Quantitative Evaluation of Acetaminophen in Oral Solutions by Dispersive Raman Spectroscopy for Quality Control

Abstract

This work used dispersive Raman spectroscopy to evaluate acetaminophen in commercially available formulations as an analytical methodology for quality control in the pharmaceutical industry. Raman spectra were collected using a near-infrared dispersive Raman spectrometer (830 nm, 50 mW, 20 s exposure time) coupled to a fiber optic probe. Solutions of acetaminophen diluted in excipient (70 to 120% of the commercial concentration of 200 mg/mL) were used to develop a calibration model based on partial least squares (PLSs) applied to Raman spectra of solutions and, subsequently, obtain linearity, accuracy, precision (repeatability), and sensitivity of the method using the near-infrared spectroscopy (NIRS) as a gold standard method.

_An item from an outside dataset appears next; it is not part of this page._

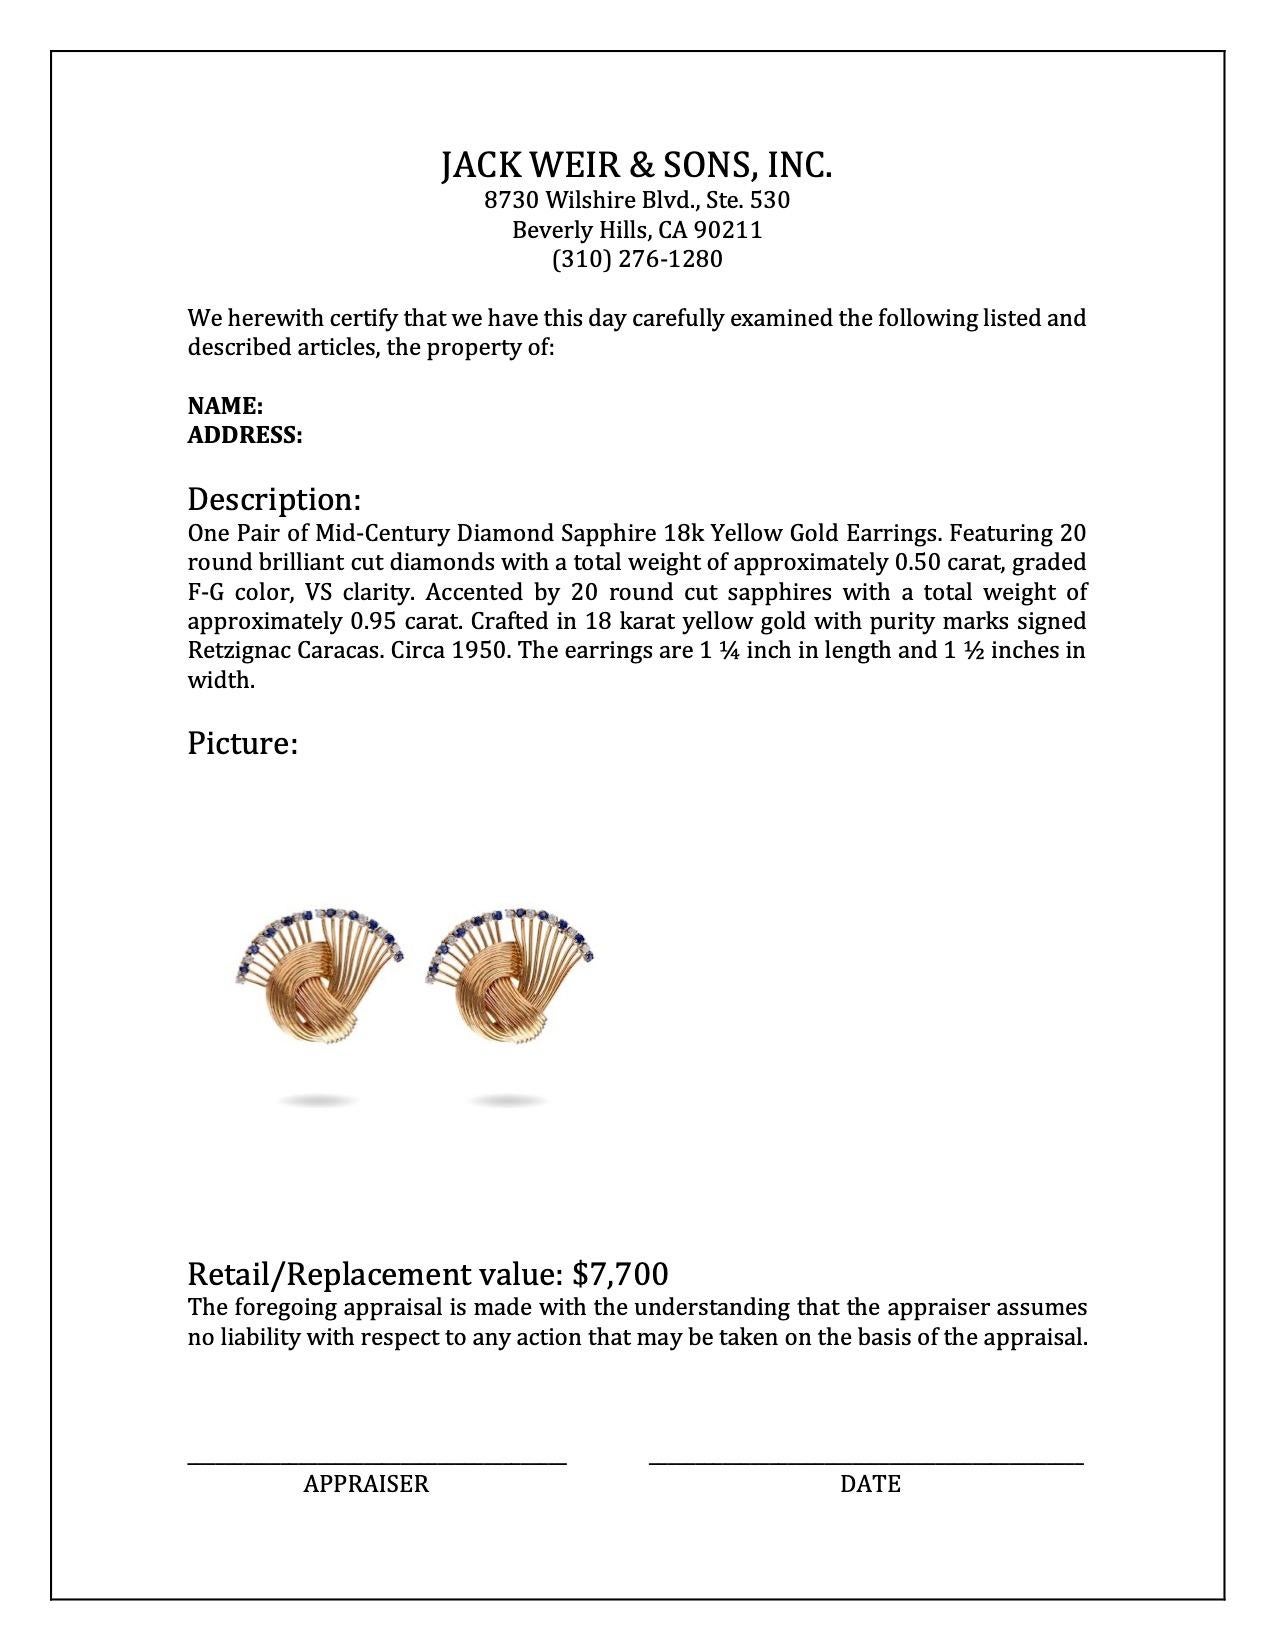 Women's or Men's Pair of Mid-Century Diamond Sapphire 18k Yellow Gold Earrings For Sale
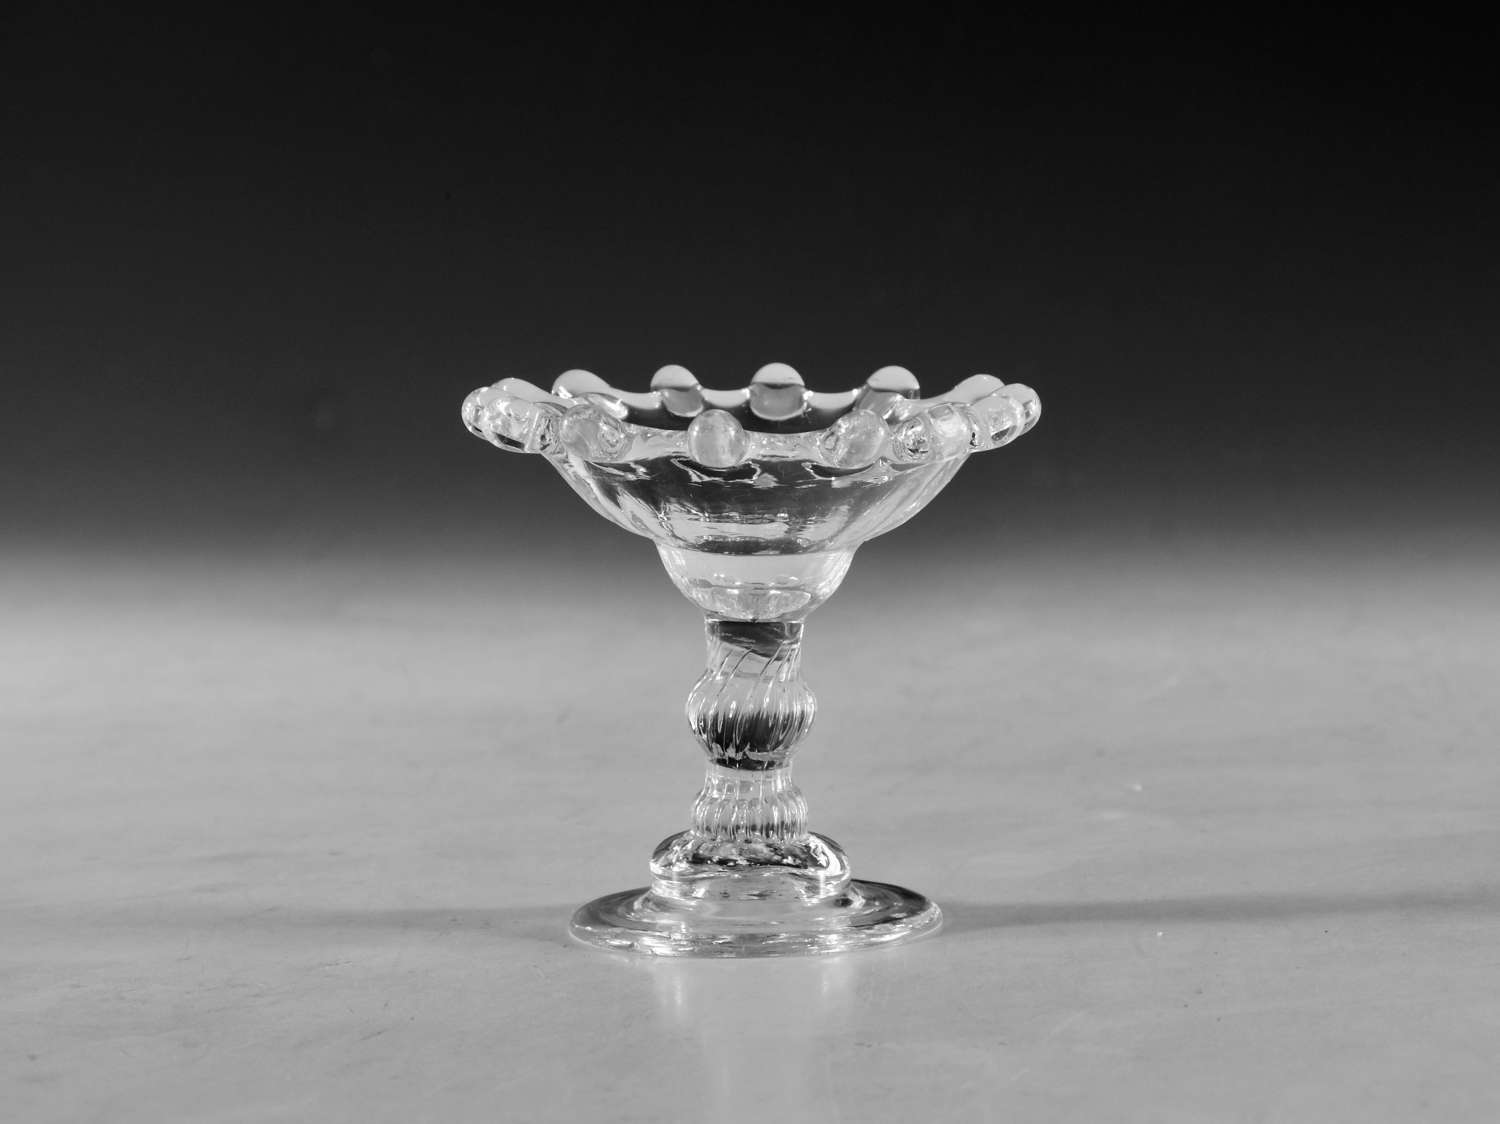 Antique glass sweetmeat glass English c1750

This model was used to predict the acetaminophen concentration in commercial samples from different lots of acetaminophen formulations (200 mg/mL) with a PLS-prediction error of about 0.6%. Commercial medicines had PLS predicted concentrations errors below 2.5%, whereas NIRS had an error of about 3.7% compared to the label concentration. It has been demonstrated the applicability of Raman spectroscopy with fiber probe for quality control in pharmaceutical industry of commercial formulations.